In his book Return on Character: The Real Reason Leaders and Their Companies Win, Fred Kiel describes three keys to workplace engagement.
- Feeling connected to an organization’s goals and mission
- seeing a connection between your performance and compensation
- Feeling valued and appreciated for your contributions.
An effective workforce management plan is set up to meet these needs. Here are three simple workforce management strategies that will create a more focused atmosphere on your team, which better equips your people to hit their ambitious targets.
Walk the walk
When leaders exhibit the behavior they themselves promote, employees are more likely to model it as well as feel more engaged at work. Tony Schwartz and Christine Porath of The Energy Project found that when leaders encouraged their employees to work more sustainably—and did so themselves—their employees felt 55 more engaged and 53 percent more focused.
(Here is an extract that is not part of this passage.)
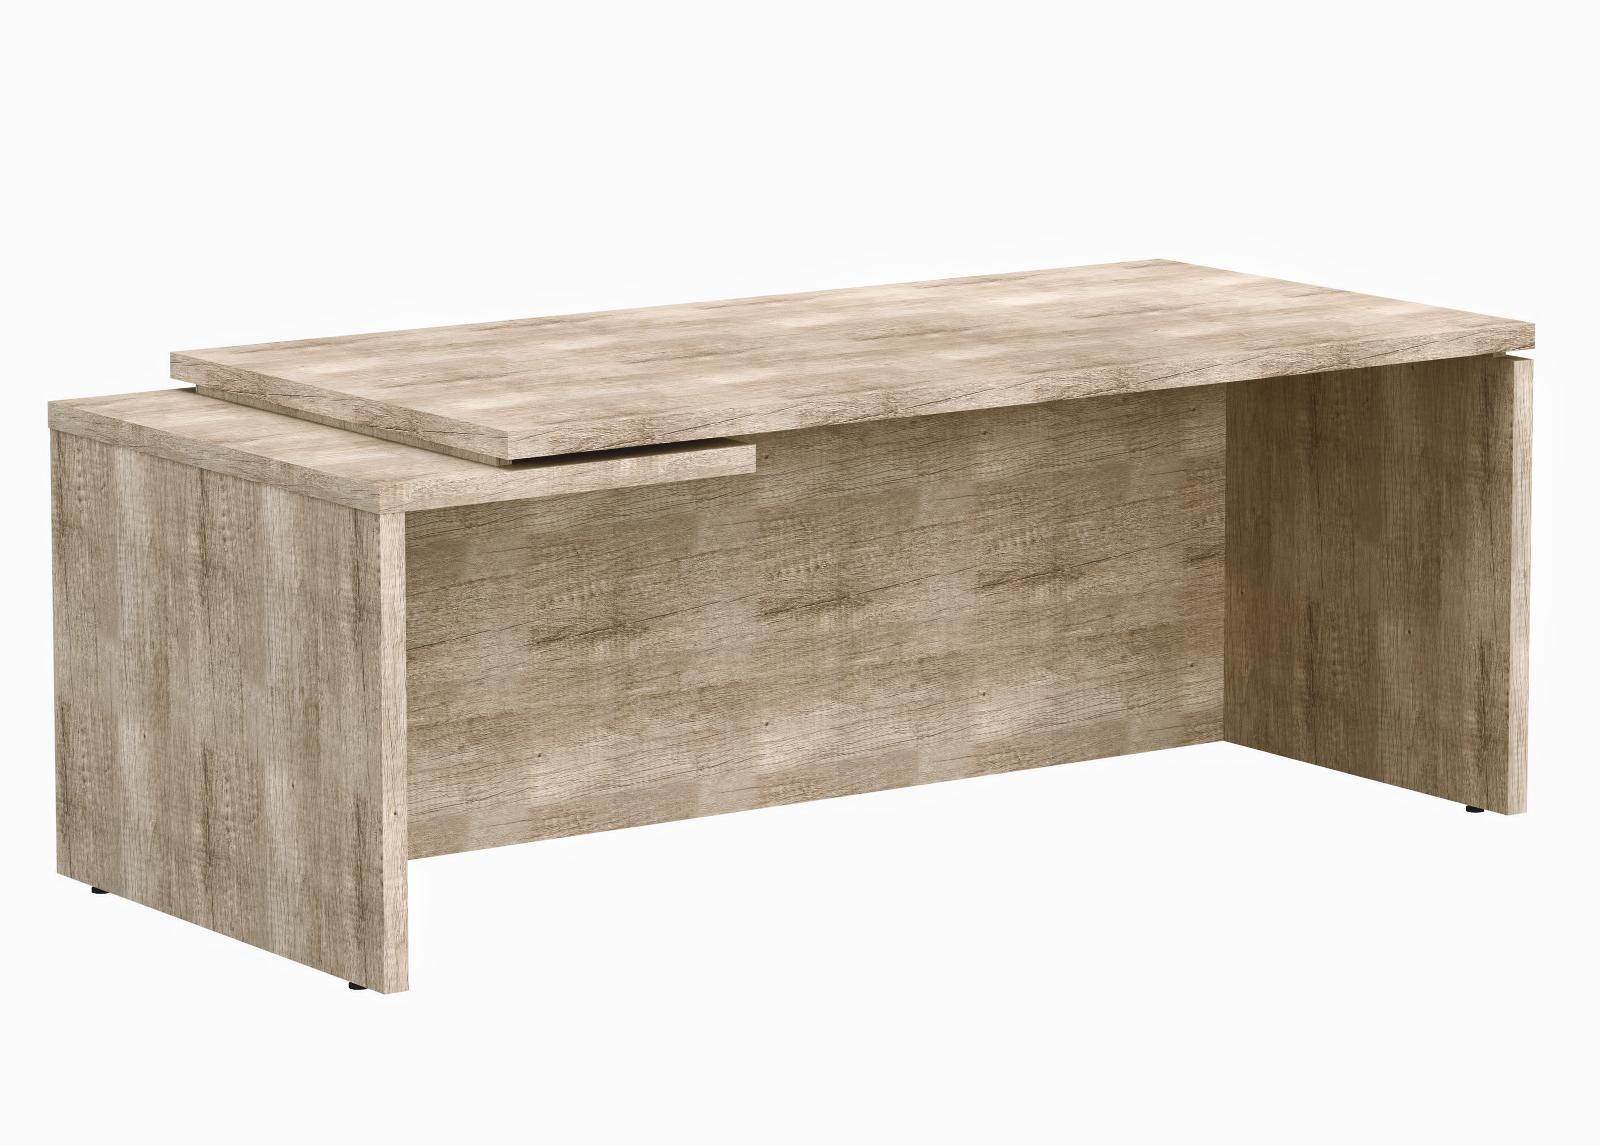 Työpöytä Torr-Z 200 cm

Likewise, when employees see the leadership demonstrating characteristics that run counter to the company’s mission, both their loyalty and motivation take a hit. This is easy enough to get right as part of your workforce management.
Use non-monetary forms of recognition
Rewards don’t necessarily drive engagement—but they do reinforce achievement, which is a big engagement driver, says Bob Kelleher, founder of the Employee Engagement Group. Recognition can come in the form of money, of course, but non-monetary incentives show employees that the company is out to help them reach their potential professionally. Consider offering one-on-one meetings with a top sales manager or publicly recognizing a sales agent for landing a big account as part of your workforce management strategy. These tap into an employee’s desire to advance as well as be valued for their effort.
Regular, ongoing communication with employees as well as honest and tactful handling of layoffs, leadership changes, and other company-wide transitions is crucial to keeping them motivated. What communication tools do you have in place to communicate to employees, and what tools exist to capture their thoughts and ideas? If you’re sending out company-wide e-mail blasts, where can employees submit comments or questions? Remember that effective workforce management requires open lines of communication. Lack of communication or outright neglect from management are surefire ways to create disengagement.